The average home loan can last 30 years, and over that time you may pay hundreds of thousands of dollars in interest to your lender.
While we all accept this when we take on a home loan, there are ways to reduce the length of the loan and subsequently, reduce the total interest repaid in the process.
Here are our tips on reducing the length of your home loan.
Make extra repayments
When you take out a home loan, ensure your lender allows extra repayments. Check with your lender as most fixed rate loans limit extra repayments or lump sum repayments.
Extra repayments made will go towards paying off the principal (the amount you borrowed).
Paying off chunks of the principal reduces the amount you owe and with most loans, the less principal you owe, the less interest you’re charged.
This will both reduce the life of the loan, and the interest you are paying off.
Pay fortnightly or weekly
Repaying fortnightly or weekly can help you pay off your mortgage years earlier and save tens of thousands in interest.
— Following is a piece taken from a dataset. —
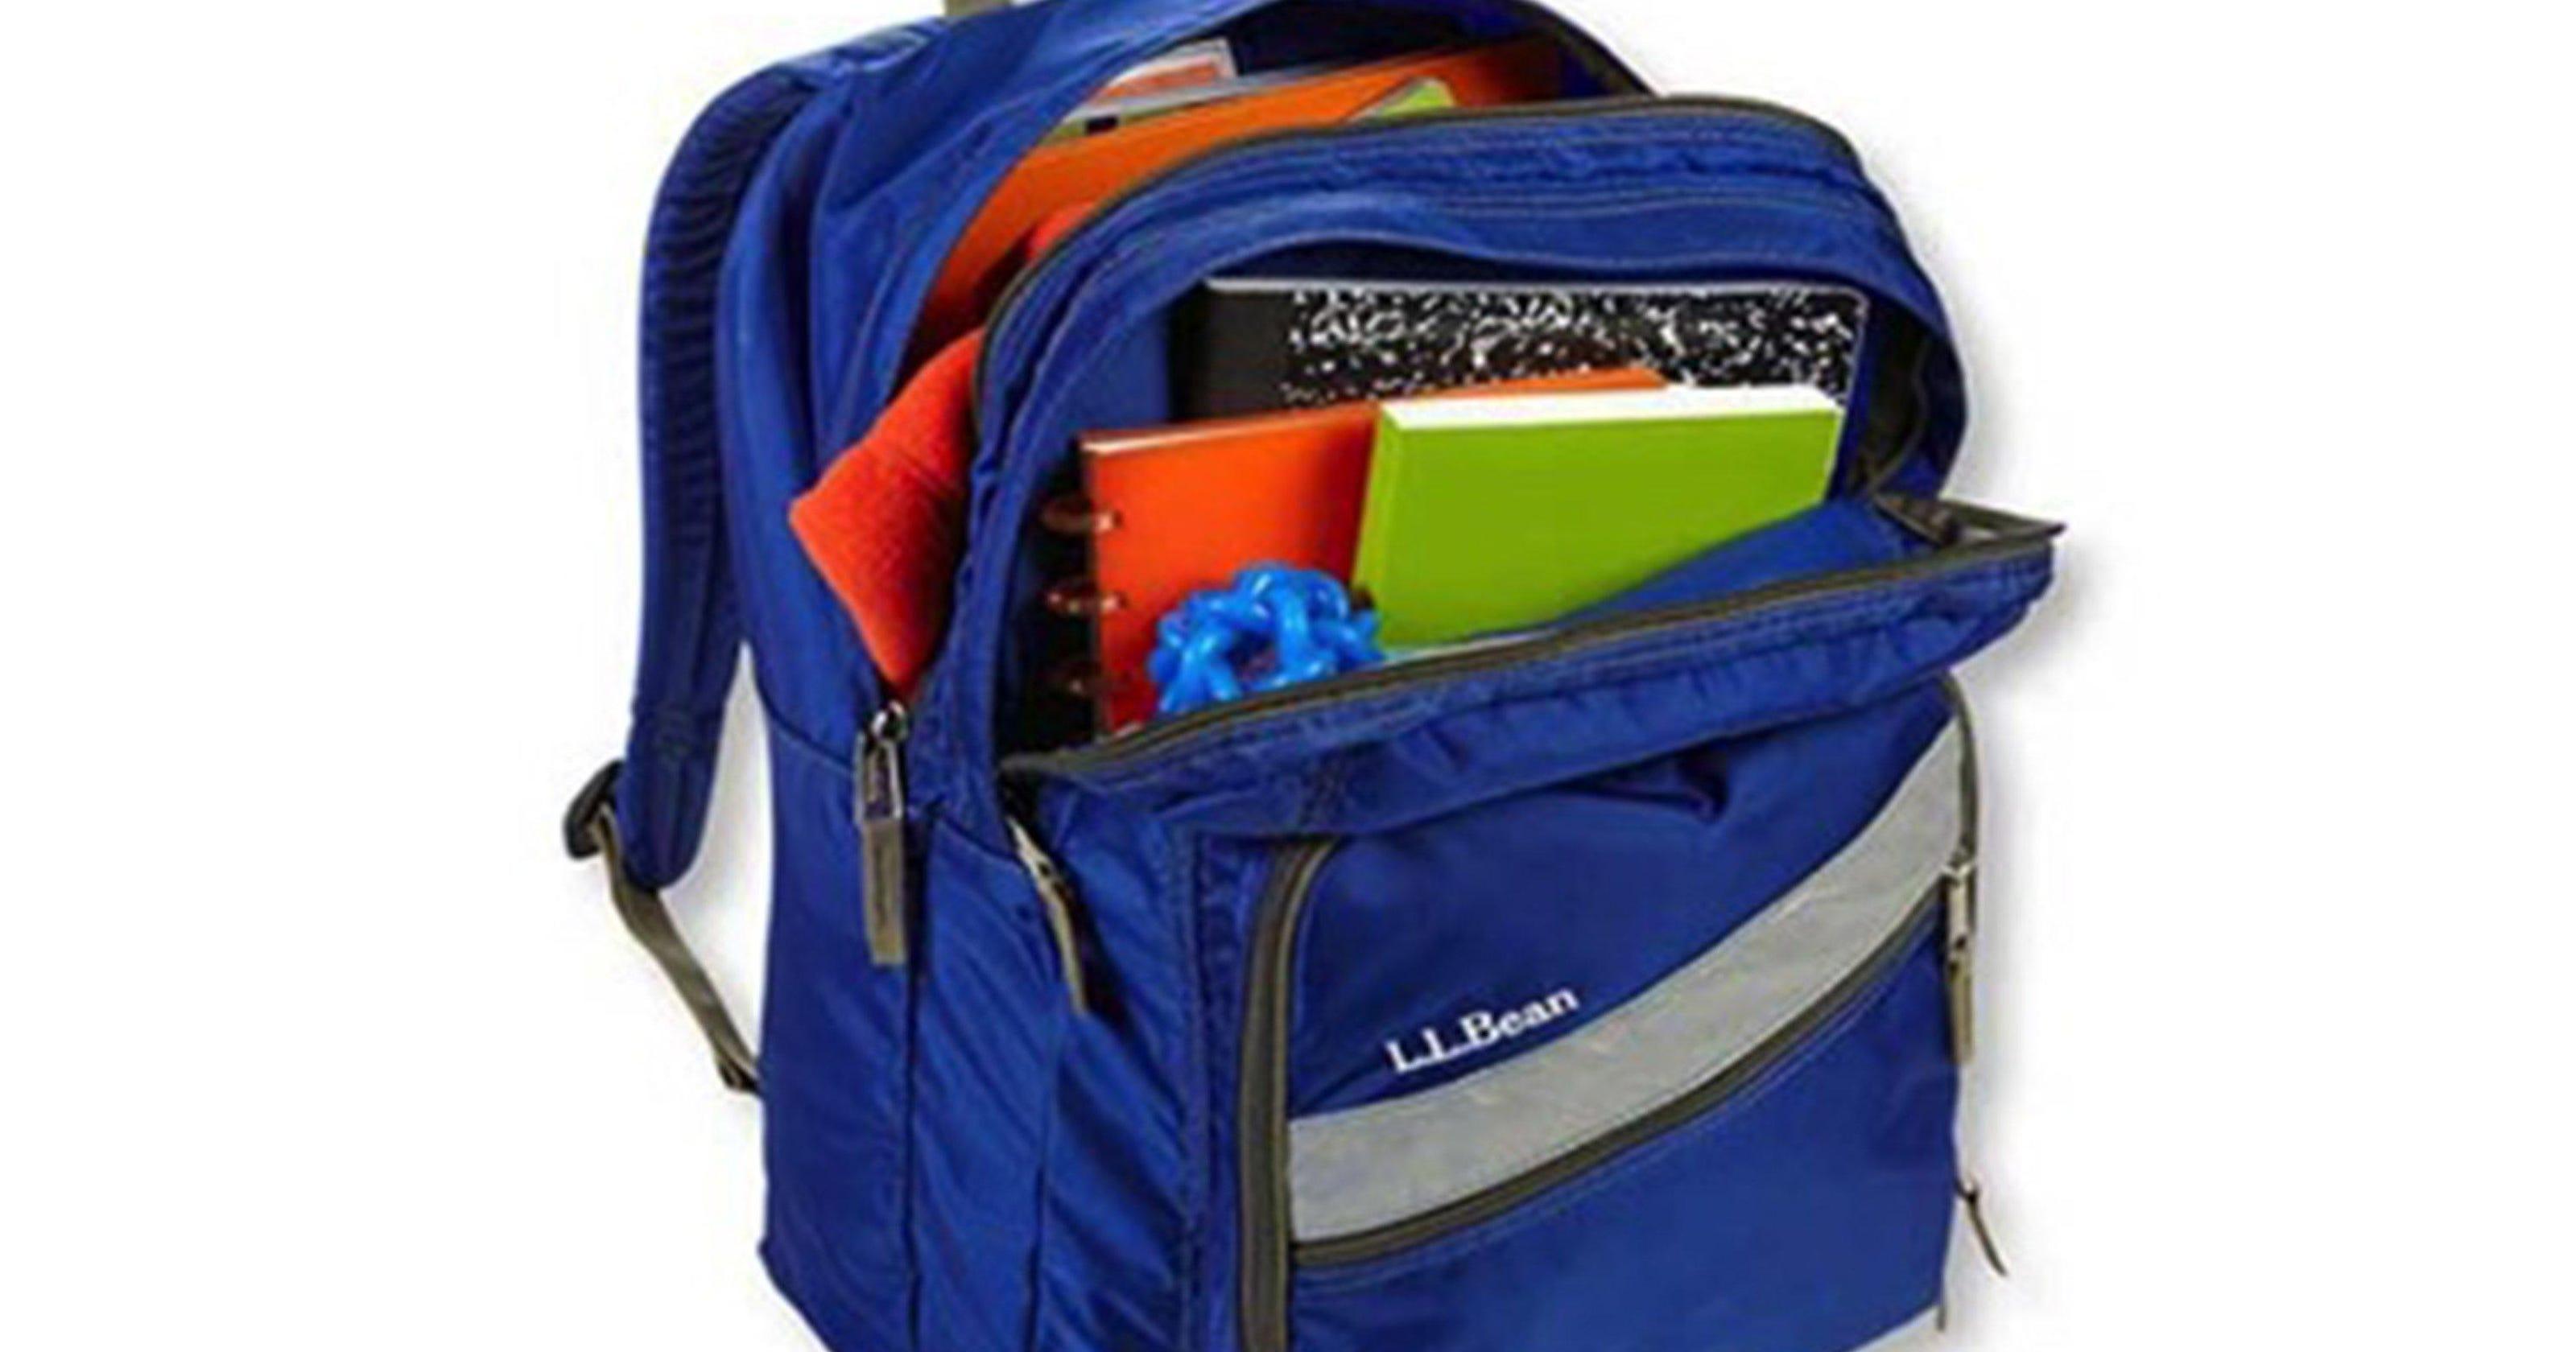 f408056e2f07 Best back-to-school backpacks of 2016

Helpful tool: Home loan frequency calculator
Fortnightly repayments
Since there are 12 months in a year, but 26 fortnights and 52 weeks - fortnightly or weekly payments can help you make an extra month’s worth of monthly repayments each year without you even realising it.
Let's say you're looking at taking out a $450,000 home loan for 30 years at an interest rate of 2.50% p.a. You're unsure whether to pay monthly or fortnightly and decide to calculate how much you could save by paying fortnightly.
Assuming the fortnightly principal and interest repayments are exactly half the monthly repayments, here’s how to calculate fortnightly mortgage repayments. Note these examples assume your interest rate never changes, when it most likely will over 30 years.
Paying fortnightly vs monthly: Entire loan term interest savings
|
Monthly |
Fortnightly |
Repayments per year |
$19,959 |
$21,623 |
Total repayments (principal + interest) |
$598,783 |
$582,140 |
Total Interest cost |
$148,783 |
132,141 |
Total interest saved |
N/A |
$16,643 |
Time to pay off loan |
30 years |
26 years, 11 months |
Time saved |
N/A |
3 years, 1 month |
Source: Repayment Frequency Calculator.
In this example, deciding to pay off your mortgage fortnightly would help pay off your loan three years and one month earlier compared to paying monthly, but importantly it would also save you more than $16,000 in total interest costs.
Interest accrues daily, so paying weekly will save you more again, by a fractional amount. This can also put you under financial stress if your pay is fortnightly, but your repayments are weekly. Choose the repayment schedule that’s best for you.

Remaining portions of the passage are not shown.